According to Fonseca43, a foreskin fibroblast line expresses all elements of the endocannabinoid system, as well as the receptor TRPV1; nevertheless, no LDH release was observed.
In addition, according to Lim46, CBD provokes an endoplasmic reticulum (ER) stress response, with changes in its morphology and the initiation of RNA-dependent protein kinase-like ER kinase activity, and induces downstream activation of the pro-apoptotic IRE1/ASK1/c-Jun N-terminal kinase pathway, leading to hepatic HSC cell death. In 2003, Li et al.47 reported that PPARγ ligands (such as CBD) can induce apoptosis and inhibit the proliferation of HepG2 cells.
Activity in the presence of free-radicals
The concentrations of CBD, CBDV and Trolox able to reduce the initial absorbance of ABTS or DPPH radicals by 50% are reported in Table 2. CBD and CBDV showed similar EC50 values, on the order of hundreds of μmol/L and thousands of μmol/L, respectively, for scavenging ABTS and DPPH radicals. No statistically significant differences were found when comparing the solvent control to the negative control.
Our results are partially consistent with findings observed by Kitamura et al.48, who performed ABTS and DPPH assays on CBD oil samples and obtained EC50 values ranging from 67 to 138 µM in the ABTS assay and from 522 to 1075 µM in the DPPH assay, concentrations reaching the same order of magnitude as that reported for the concentrations obtained in the present study. Interestingly, in line with the results of Floegel and colleagues49, the antioxidant capacity detected by ABTS assay was significantly higher for phytoderivatives than that detected by DPPH assay, as reported in Fig. 5.

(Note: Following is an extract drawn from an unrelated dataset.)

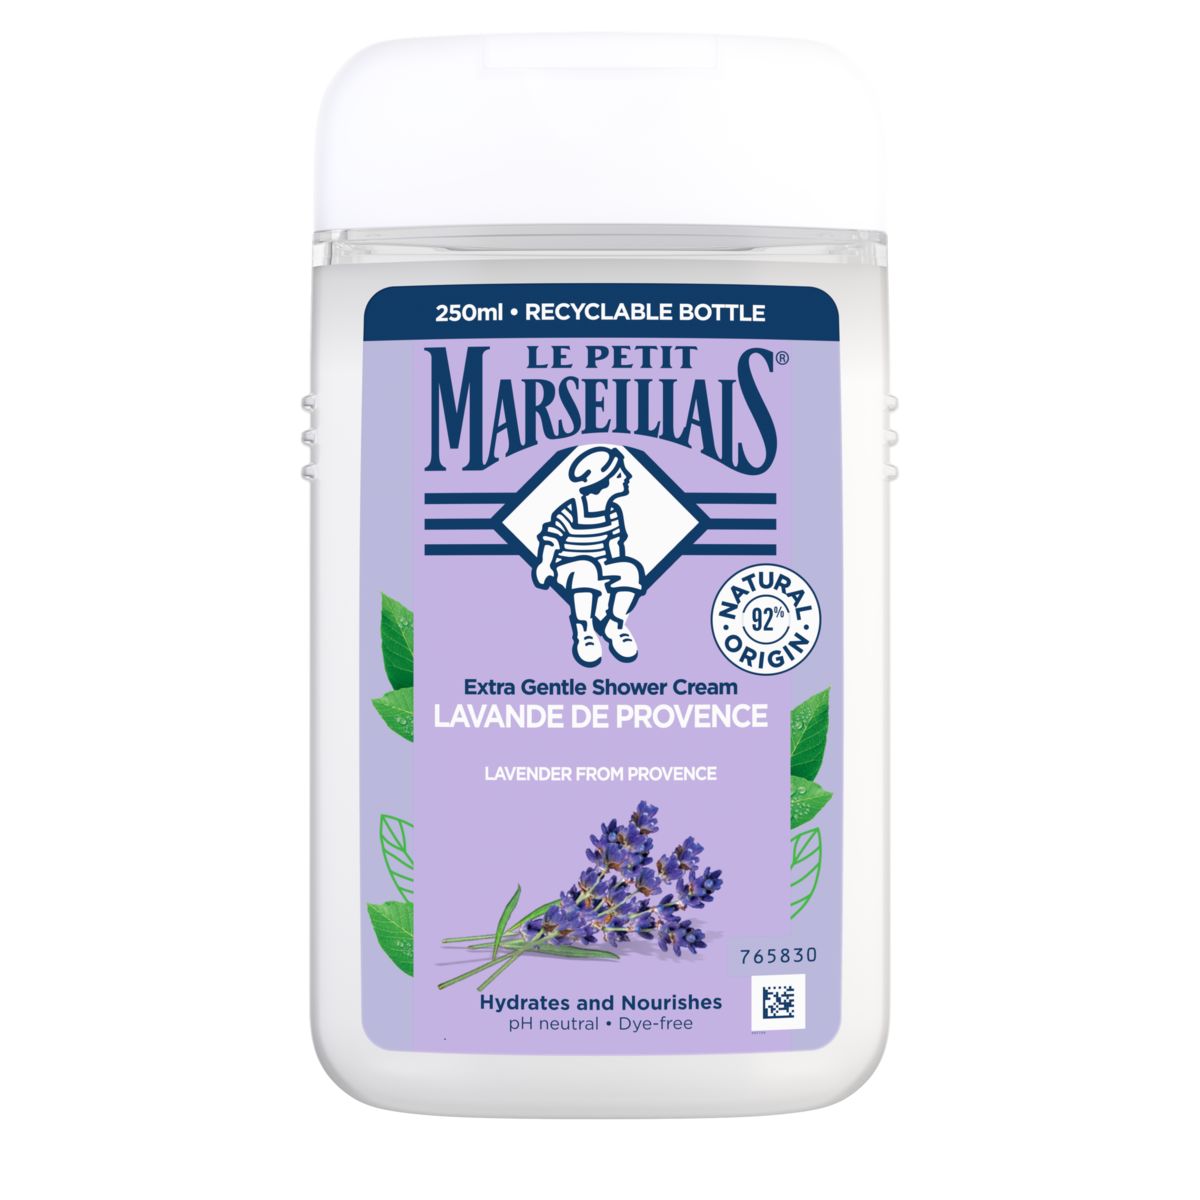 Le Petit Marseillais Lavendel Provence Extra Zachte Douchecrème 250 ml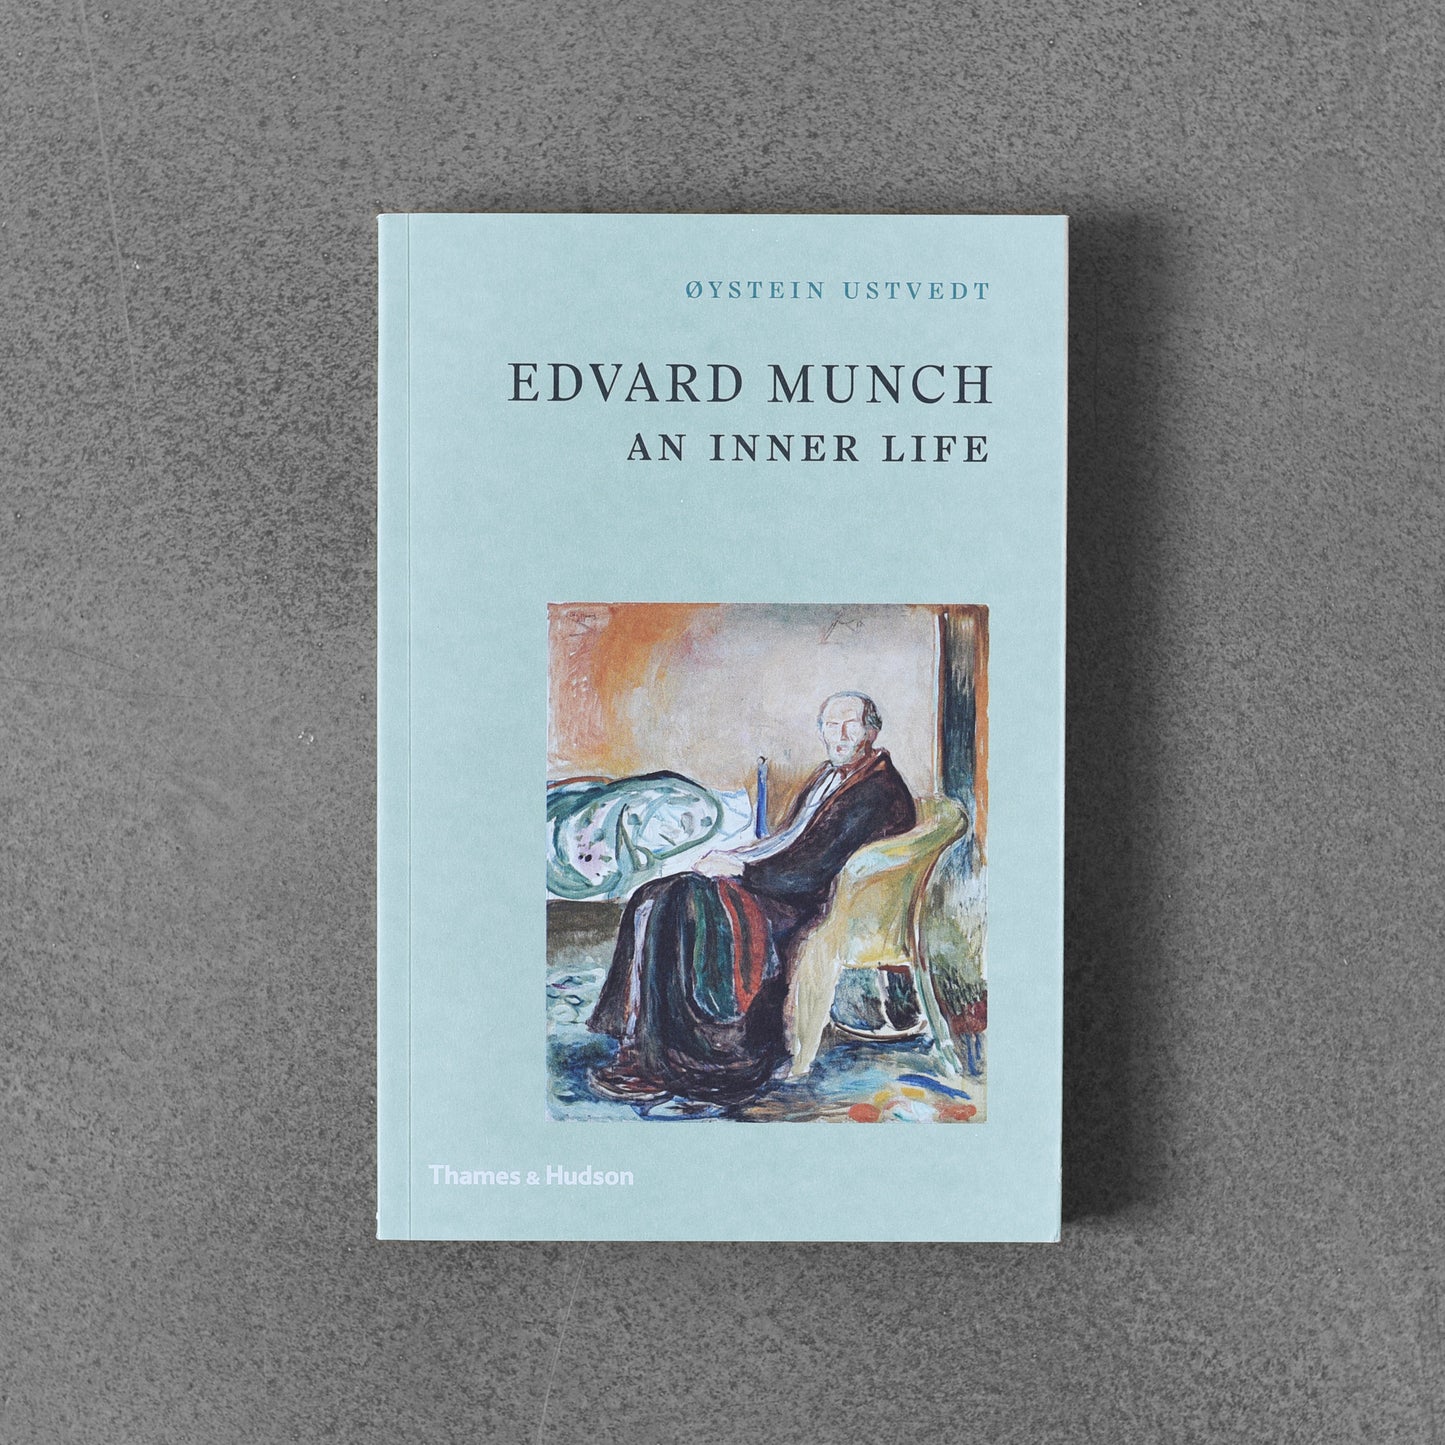 Edvard Munch: An Inner Life - Oysten Ustvedt

DPPH /ABTS+ scavenging (%). DPPH/ABTS+ scavenging (%) at different concentrations (µM) of CBD (a) and CBDV (b) as determined by DPPH and ABTS assays. The results are expressed as the means ± standard deviations obtained from five independent experiments. Dunnett's multiple comparison test was performed with OD values of the negative control (0 µM) and all other tested concentrations: *p < 0.05, **p < 0.001, ***p < 0.0001. The percentage of free radicals scavenged by CBD (a1) and CBDV (b1) is reported in concentration [µM]-effect curves.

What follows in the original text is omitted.